26

When setting cookies, PHP url-encodes the cookie value (at least when not using setrawcookie) and it url-decodes the cookie value before making it available to the application in $_COOKIE.

Is this an accepted standard? If I set a raw cookie value of a%3Db, would I get back a=b in most web programming languages (through their respective cookie-reading mechanisms)?

AndreKR
  • 32,613
  • 18
  • 106
  • 168
  • It's perfectly acceptable, even if it's [not _strictly_ mandatory](https://developer.mozilla.org/en-US/docs/Web/HTTP/Headers/Set-Cookie#attributes). There are only a handful of values that _must_ be URL encoded, but just blanket URL encoding everything makes it much easier to work with cookies. – Mike 'Pomax' Kamermans Dec 31 '21 at 19:10
  • [What are allowed characters in cookies?](https://stackoverflow.com/questions/1969232/what-are-allowed-characters-in-cookies/1969339) was the question I was really looking for. – Boris Verkhovskiy Mar 25 '22 at 06:07

3 Answers3

16

Yes. While it's not required per the spec, the following is mentioned in RFC6265 (emphasis is in the original document, not added)
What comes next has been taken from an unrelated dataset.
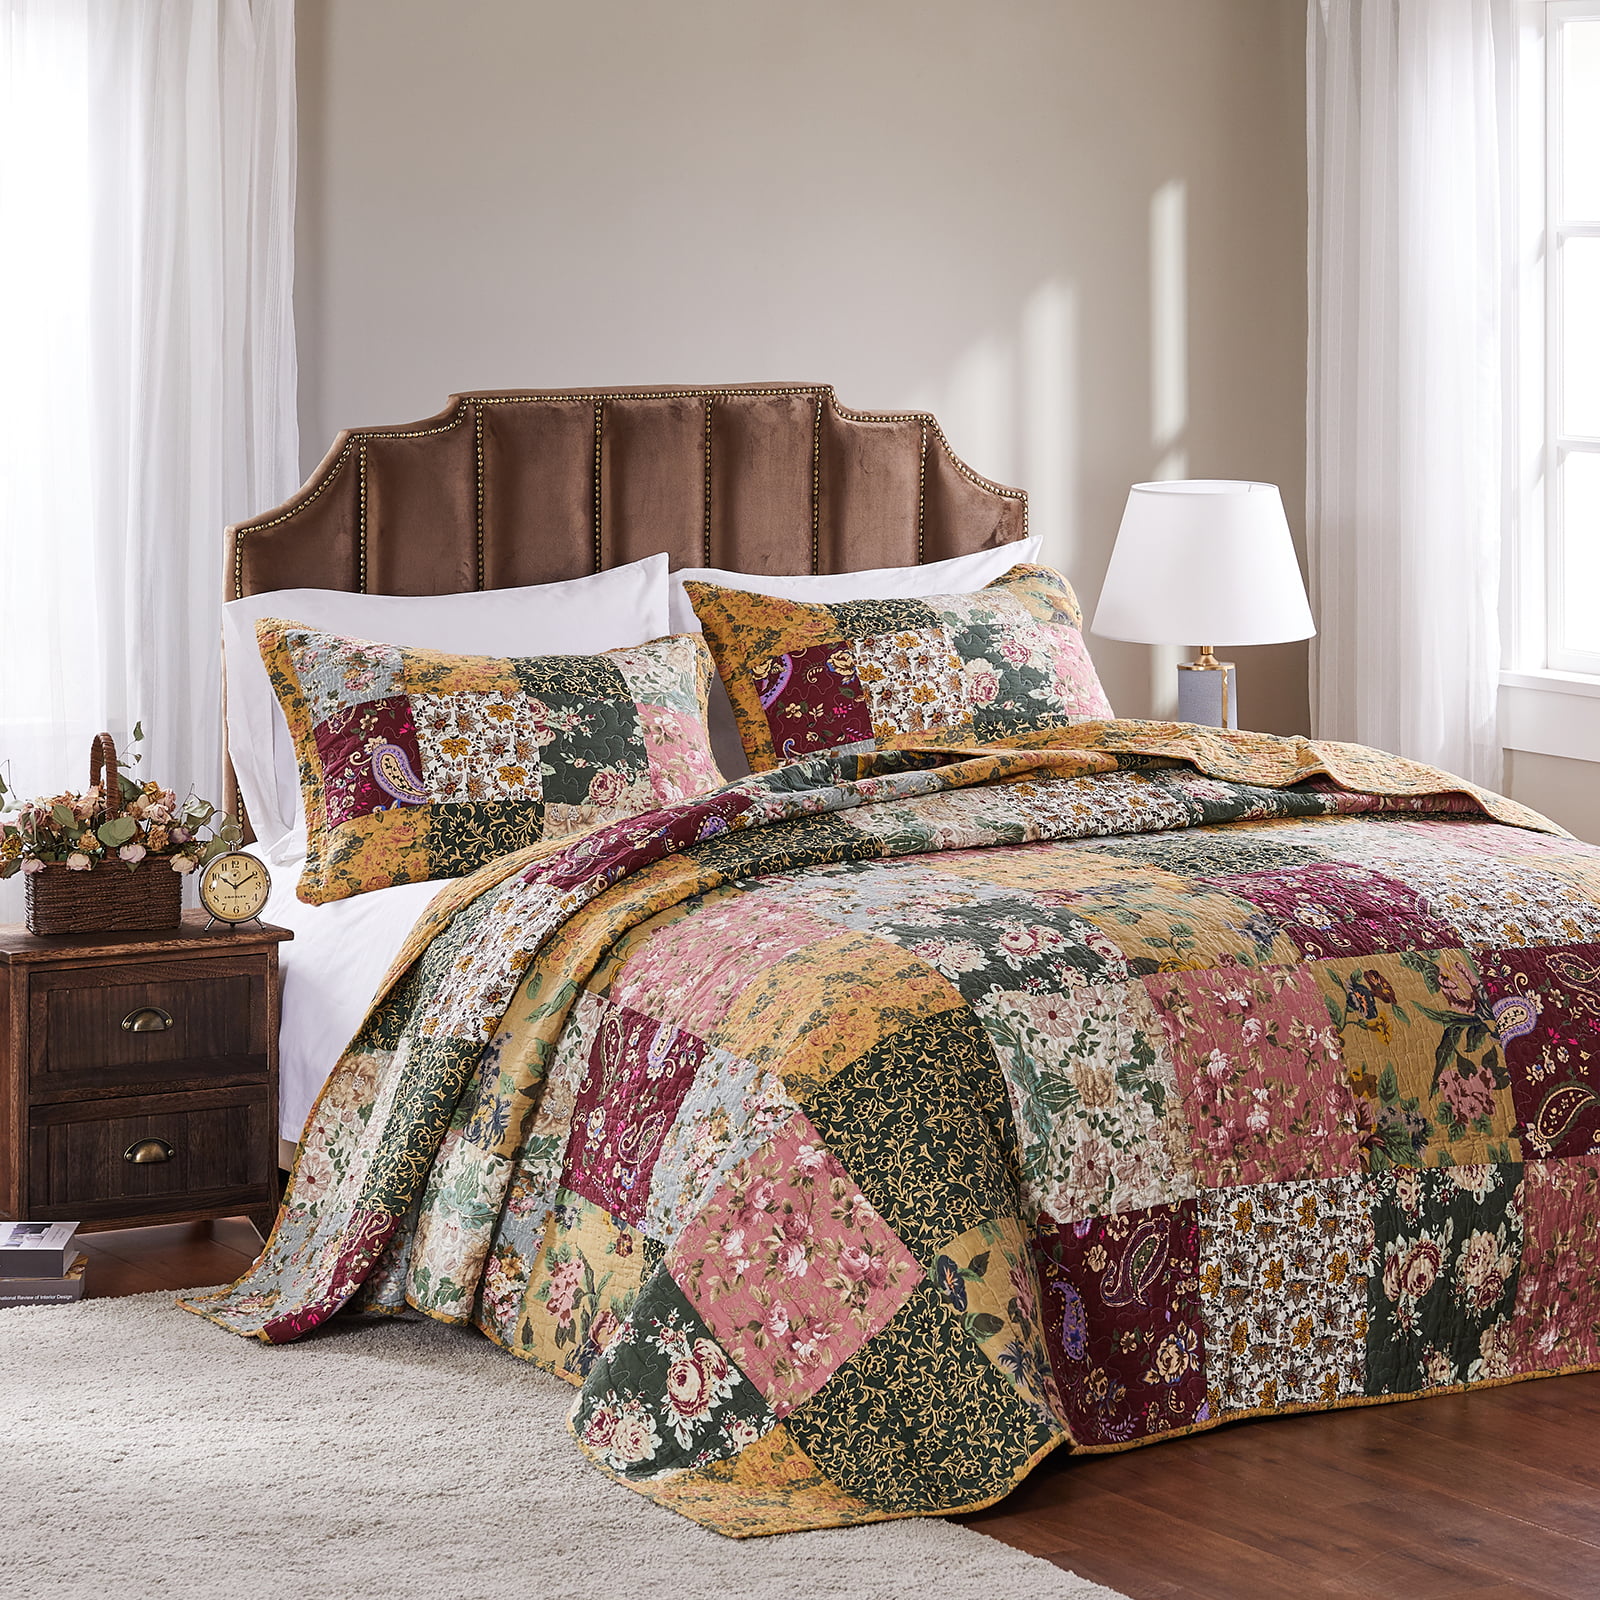 Details about   Quilted Bedspread Set Oversized Coverlet Floral Patchwork Beige Rust Light Blue 
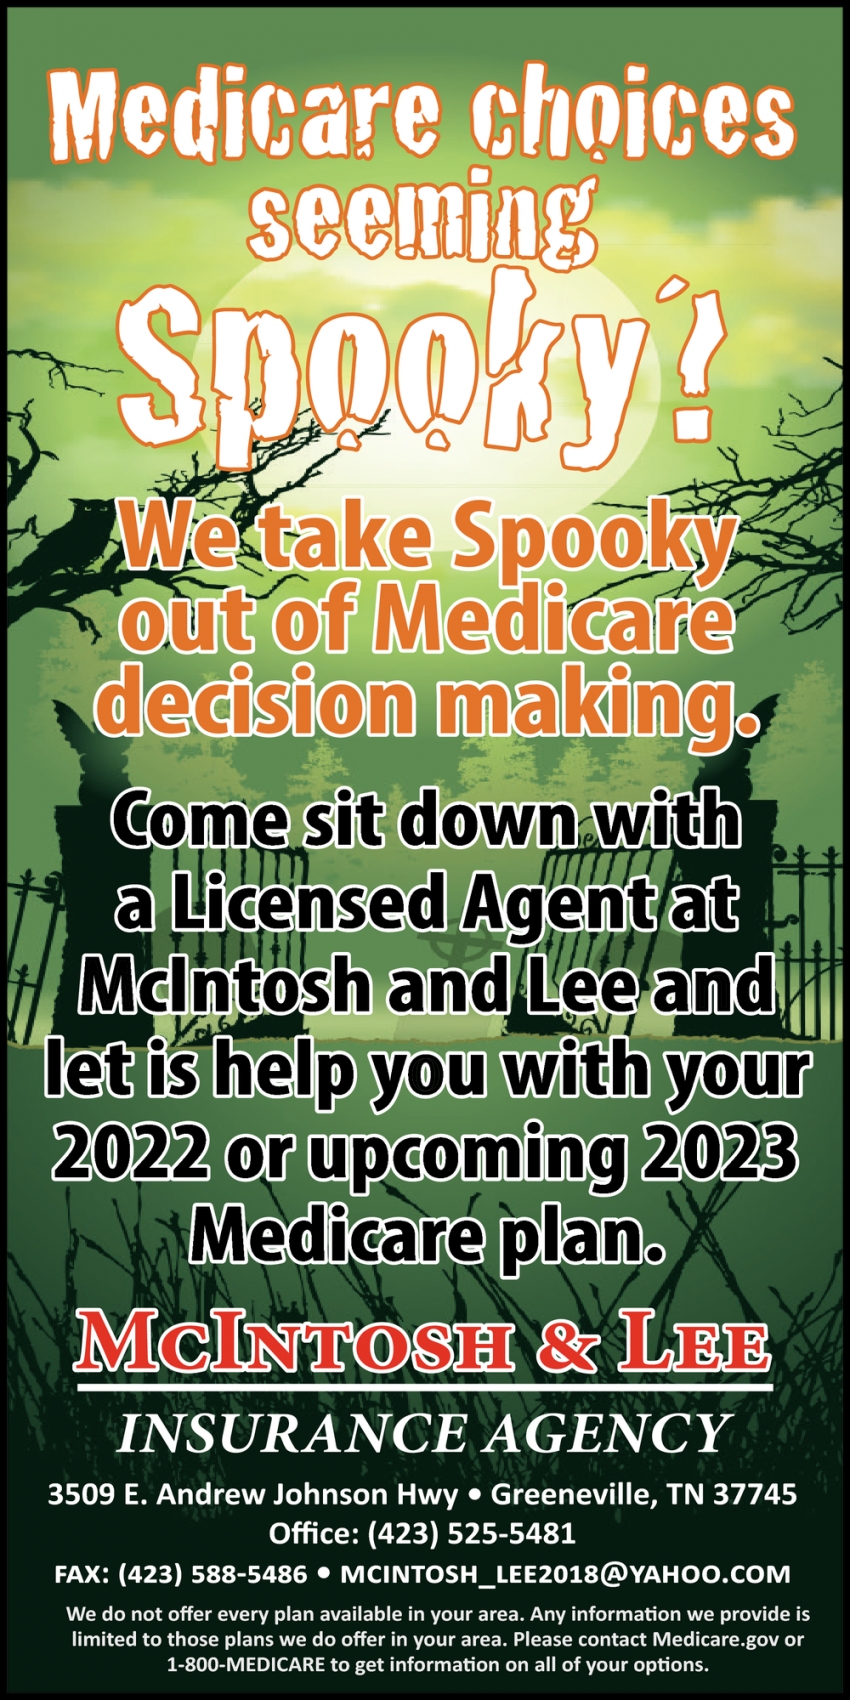 Medicare Choices, McIntosh & Lee Insurance Agency, Greeneville, TN

To maximize compatibility with user agents, servers that wish to store arbitrary data in a cookie-value SHOULD encode that data, for example, using Base64 [RFC4648].

In my experience, most web frameworks and libraries for cookies have methods for encoding/decoding cookie values. In many cases, esp. in frameworks and high-level languages, this is abstracted away and done automatically.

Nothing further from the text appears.